Herein, we have also profiled the total fatty acids, including those esterified to polar lipid in F. vesiculosus, and find that included saturated, monounsaturated and polyunsaturated FA, with a predominance of omega 3 PUFA 18:3, 18:4 and 20:5. As observed in the polar lipid composition determined by LC–MS/MS, omega 6 PUFA, namely 18:2 and 20:4, were also abundant. The calculated ratio of n-6/n-3 FA was 1.20 in winter and 1.95 in spring, with an average of 1.57, which is a lower ratio than the maximum recommended by the World Health Organization (lower than 10) [55,56]. As such, F. vesiculosus can be considered a sustainable source of PUFA [28,29,51,57], either available by the consumption as edible seaweed, or used as a raw material in food industries and biotechnological applications [4]. Due to its content in n-6 and n-3 PUFA, the consumption of this seaweed could have benefits for preventing cardiovascular disorders, depression and other mental disorders [56]. Despite the observed variations in the RA of polar lipids and total FA, the molecular species bearing PUFA were still the most abundant ones in both seasons, and thus both batches have a remarkable composition to be used for food or feed diet as a source of lipids with nutritional value.

Phospholipids can also be explored as add value ingredients. They are considered appealing food ingredients, for fortification of the content of foods in n-3 FAs such as 20:5 (n-3) and to enhance its nutritional values [58]. There are also recognized health benefits in the consumption of PL bearing to n-6 and n-3 PUFA, contributing to maintain normal physiological functions and to prevent inflammatory diseases, among others. This foster the growing interests in the use of PLs from macroalgae in the nutraceutical industries [58,59,60]. Polar lipids are also claimed for cosmetics and pharmaceutical applications, namely phospholipids used as carriers liposomes, lipid emulsions, micelles, drug-phospholipids complexes and cochleates [61,62].

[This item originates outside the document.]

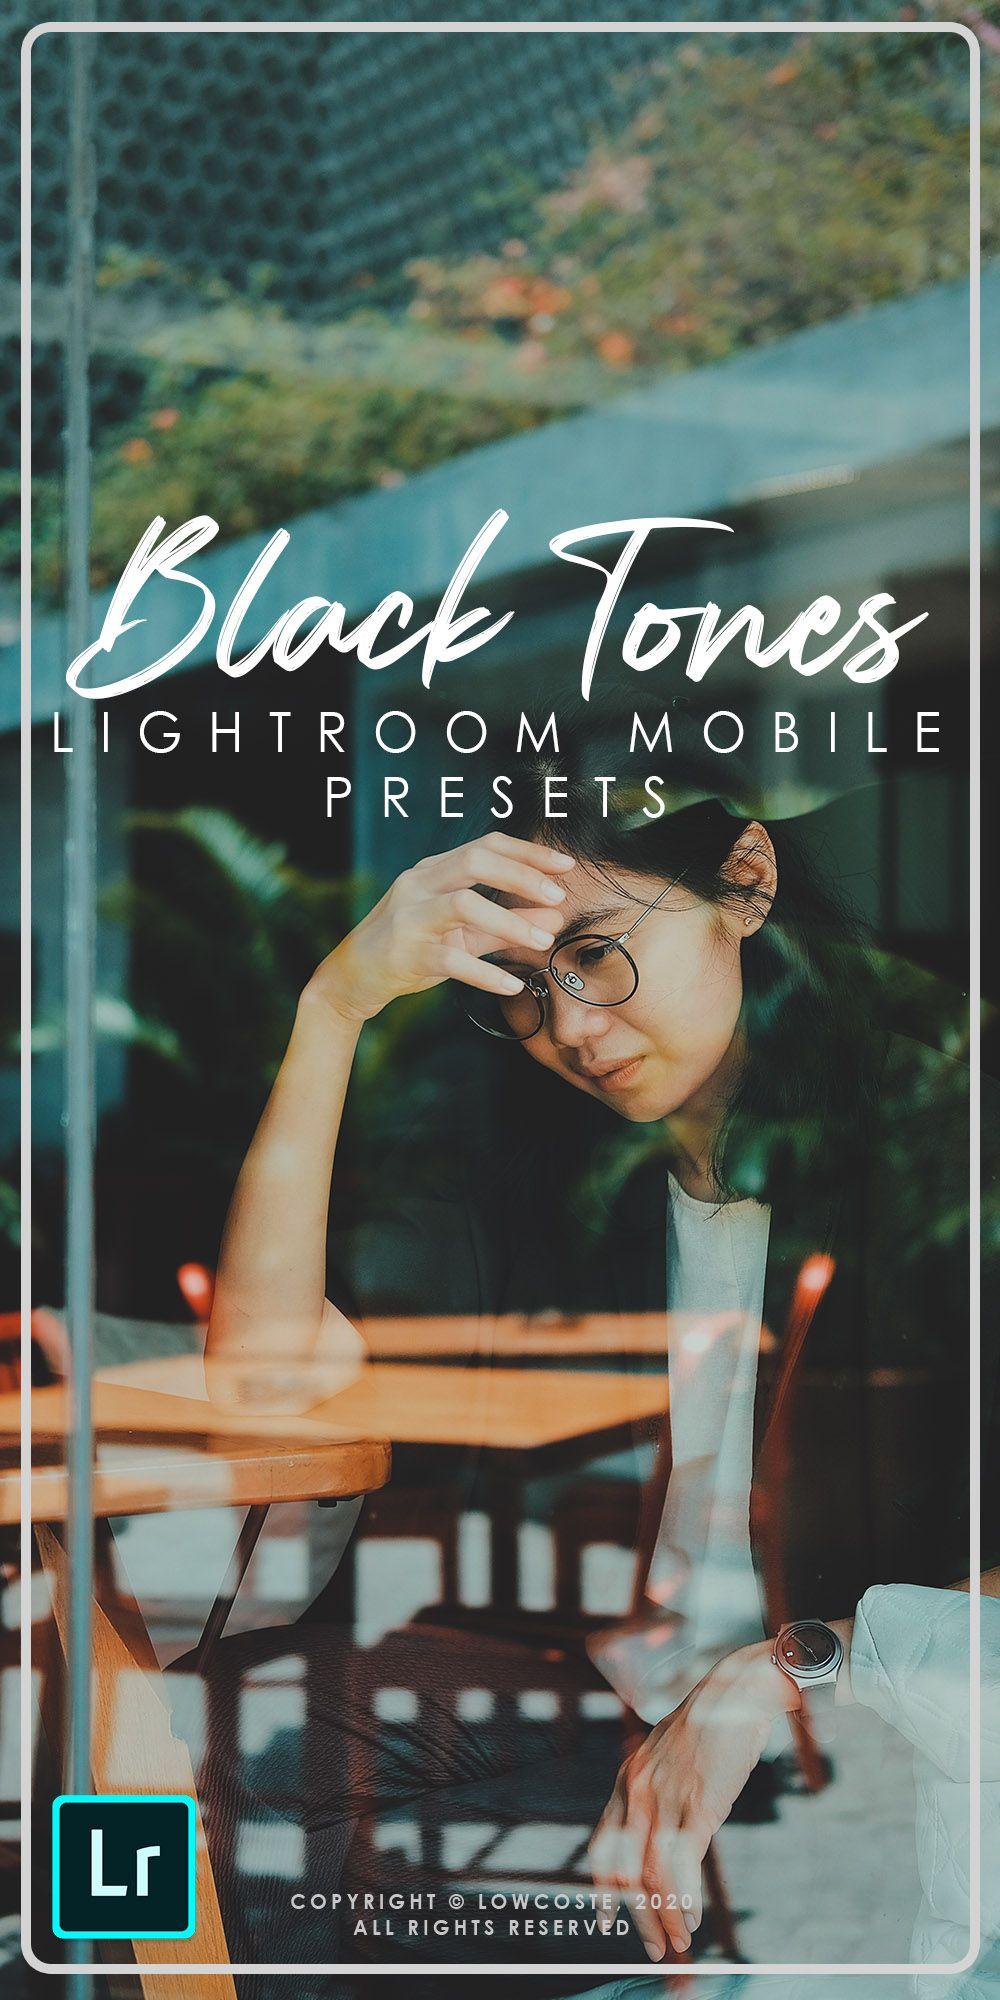 Black tones lightroom cc mobile presets in 2020

The polar lipidome of F. vesiculosus also included some species that were reported as bioactive phytochemicals. The glycolipids MGDG (20:5/18:3) and MGDG (20:5/18:4), that in this study were abundant species in both seasons, were previously isolated from Fucus spiralis [24]. These species showed anti-inflammatory activity, as they reduced the NO release by activated macrophages in a dose-dependent manner [24]. Furthermore, MGDG (18:4/16:0), DGDG(18:4/16:0), DGDG (20:4/16:0), DGDG (20:5/16:0) and SQDG (20:5/14:0), also identified in this study, were associated with anti-inflammatory activity through down-regulation of iNOS [63]. Also, the MGDG (20:5/18:4) was found to inhibit the growth of human melanoma cells [25]. Antimicrobial activity was associated with MGDG (20:5/18:4) and MGDG (18:3/18:4) molecular species [64] and also SQDG molecular species [22]. Sulfolipids, such as SQDG or SQMG, which in this study increased in the spring samples, were associated with anti-HSV1 and anti-HSV2 activities [25] while SQMG isolated from the extract of the brown macroalga was active against Xanthomonas oryzae pv. Oryzae and associated with antibacterial activity [65]. Glycolipids can also be ingredients in cosmetic formulations and as biosurfactants, highly considered to replace synthetic surfactants [66].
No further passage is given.